_Data block_
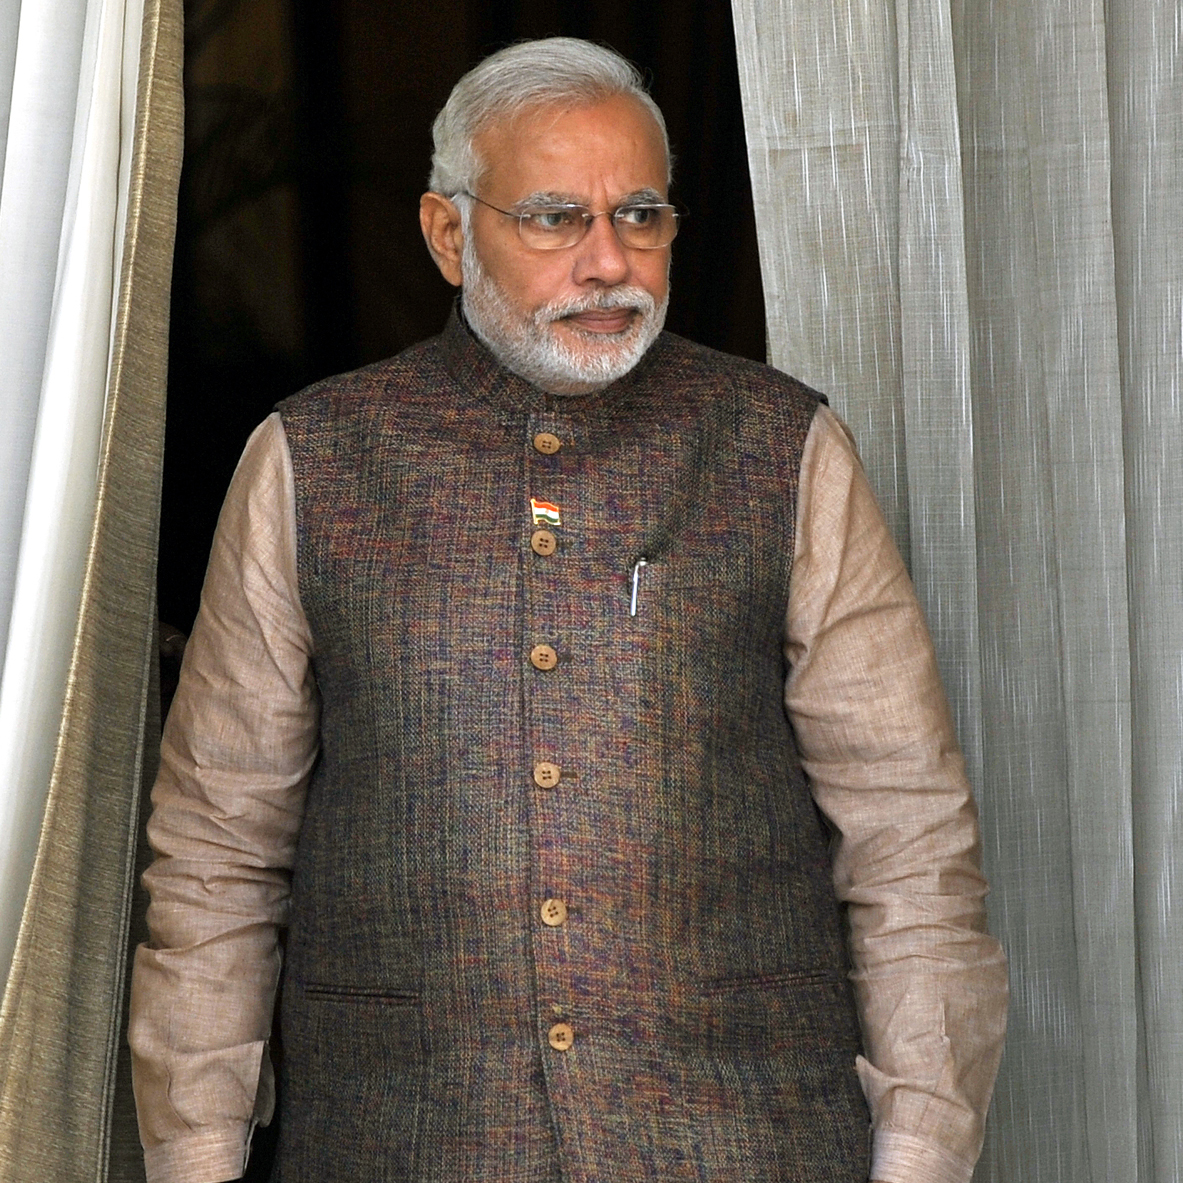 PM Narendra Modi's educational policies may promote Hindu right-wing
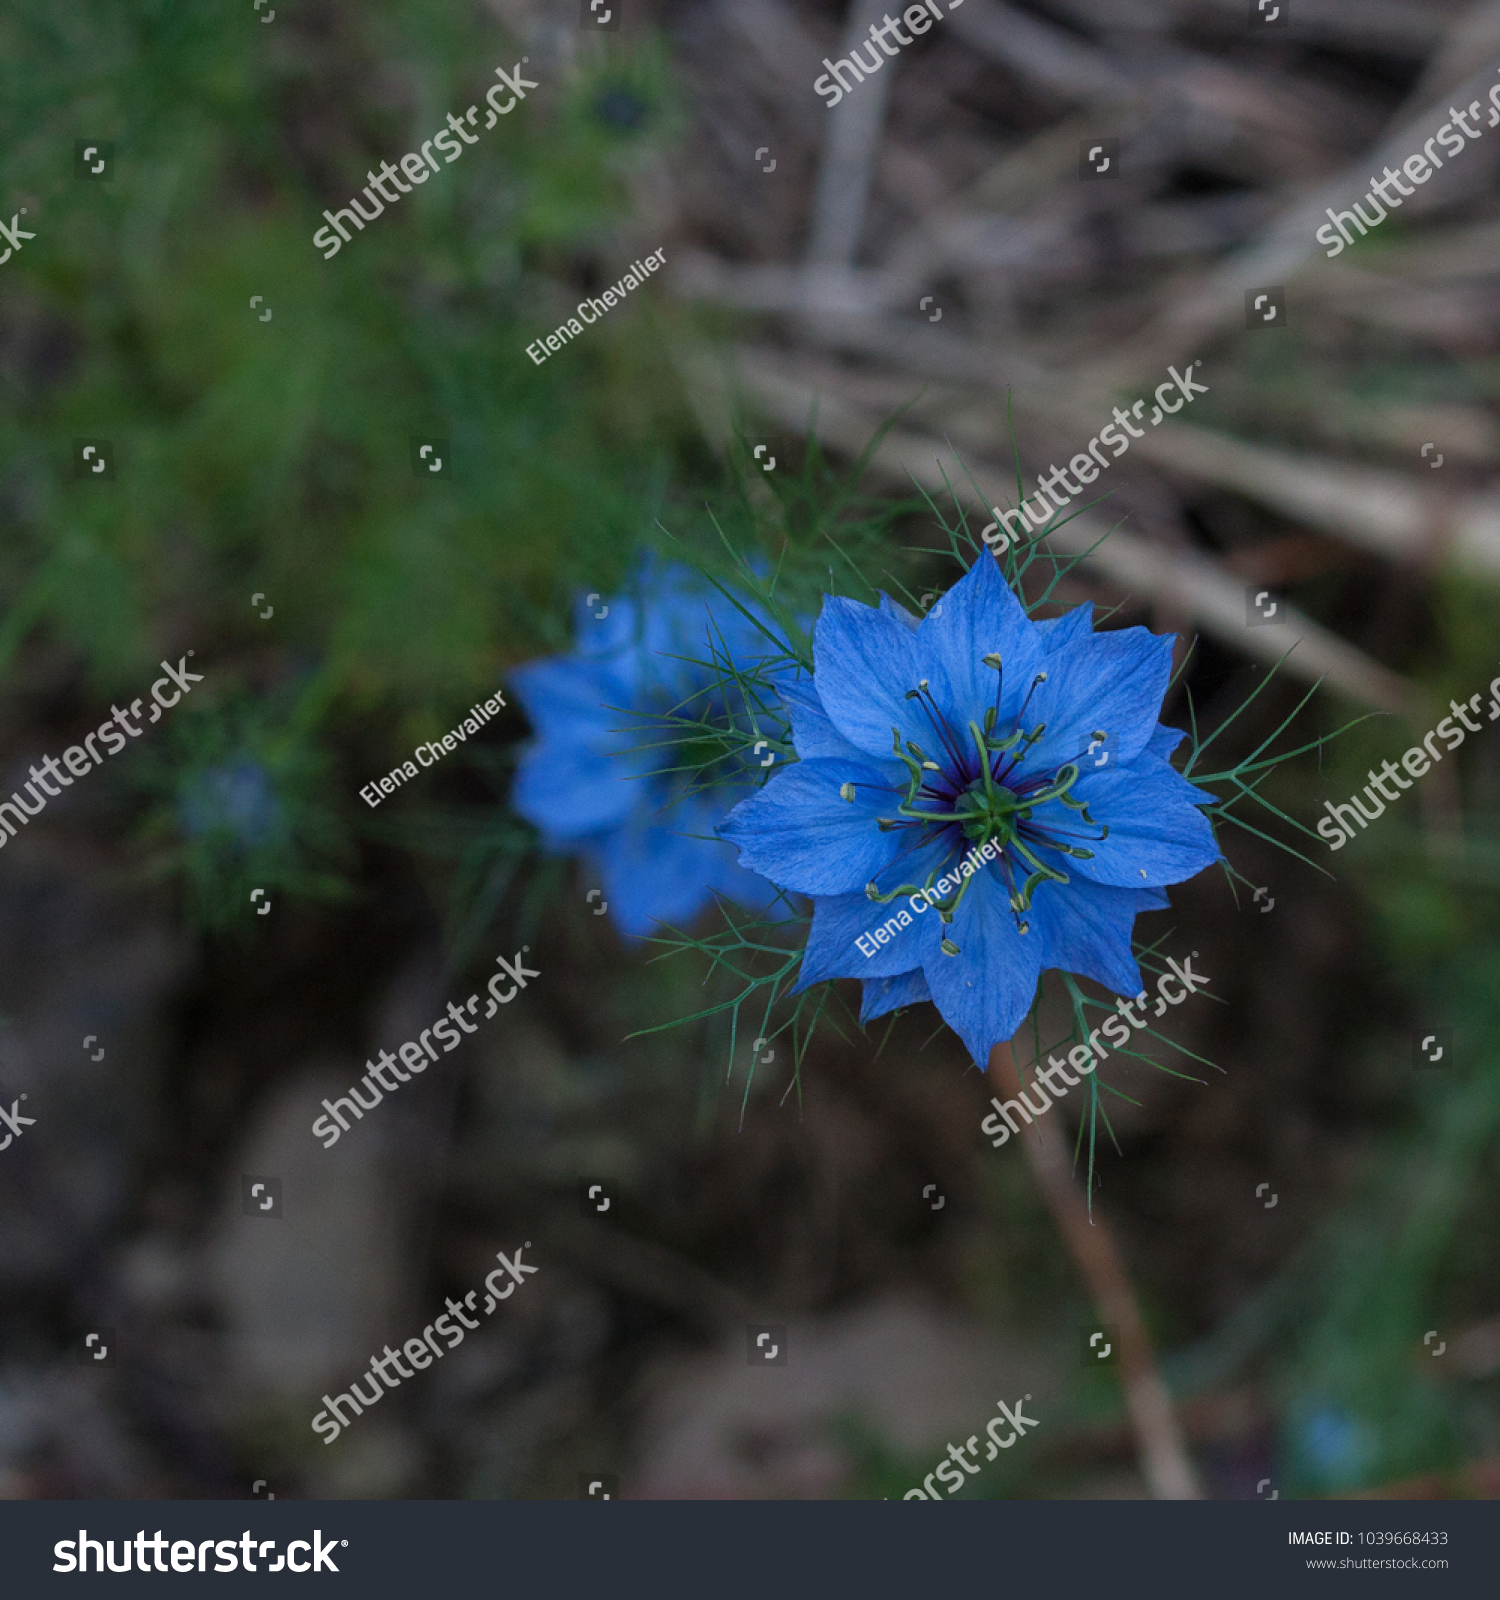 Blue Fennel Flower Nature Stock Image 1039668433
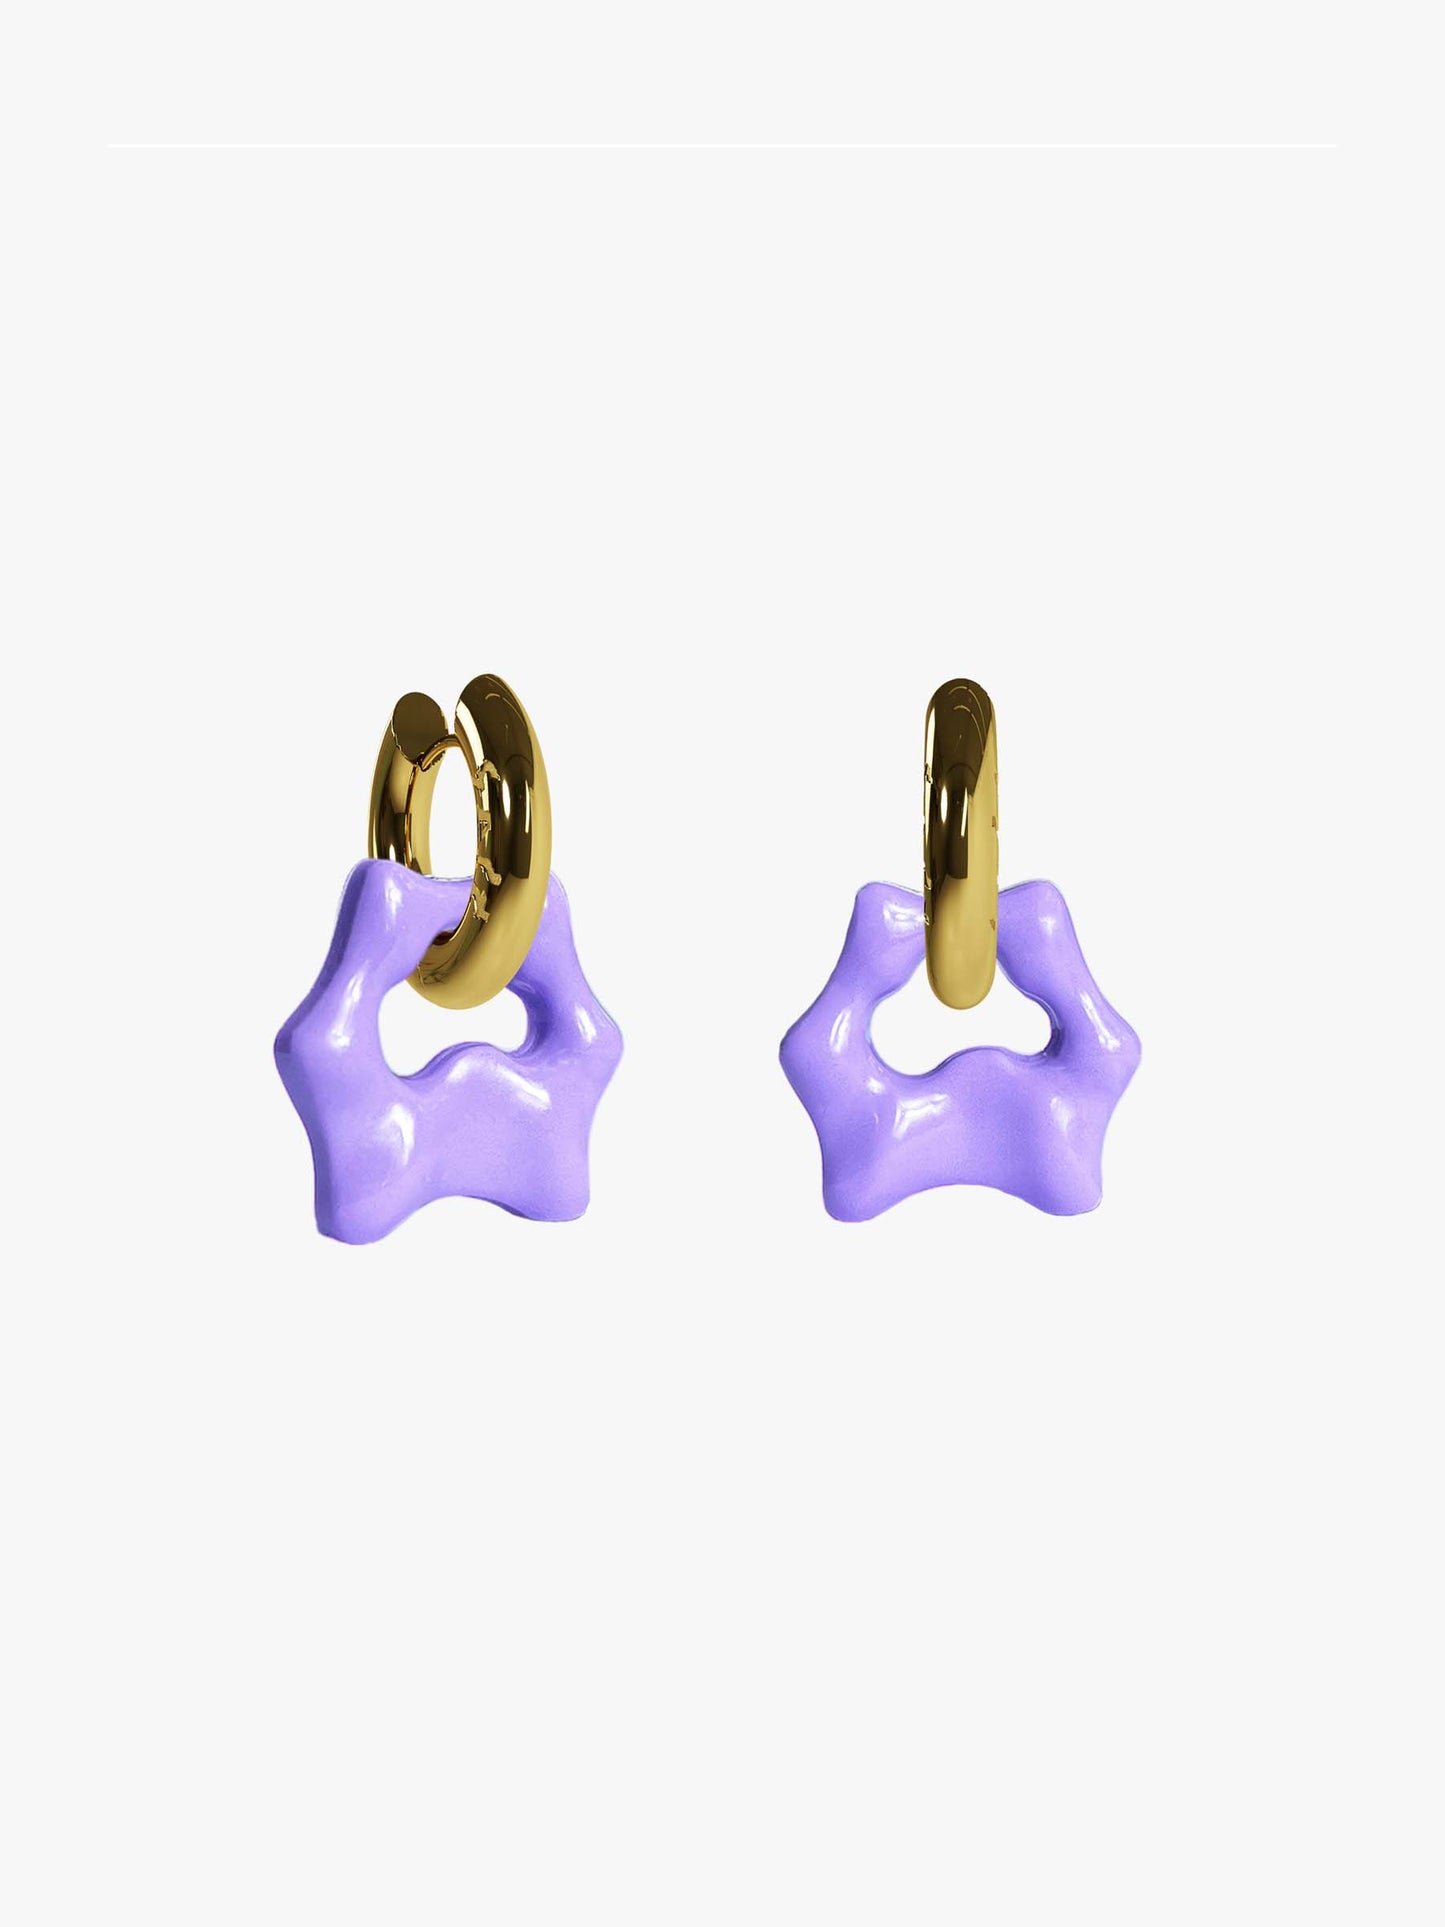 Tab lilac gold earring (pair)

_Task statement_
What is needed is the data above, retyped exactly, with every picture left out.

_Your response_
 PM Narendra Modi's educational policies may promote Hindu right-wing
 Blue Fennel Flower Nature Stock Image 1039668433
 Tab lilac gold earring (pair)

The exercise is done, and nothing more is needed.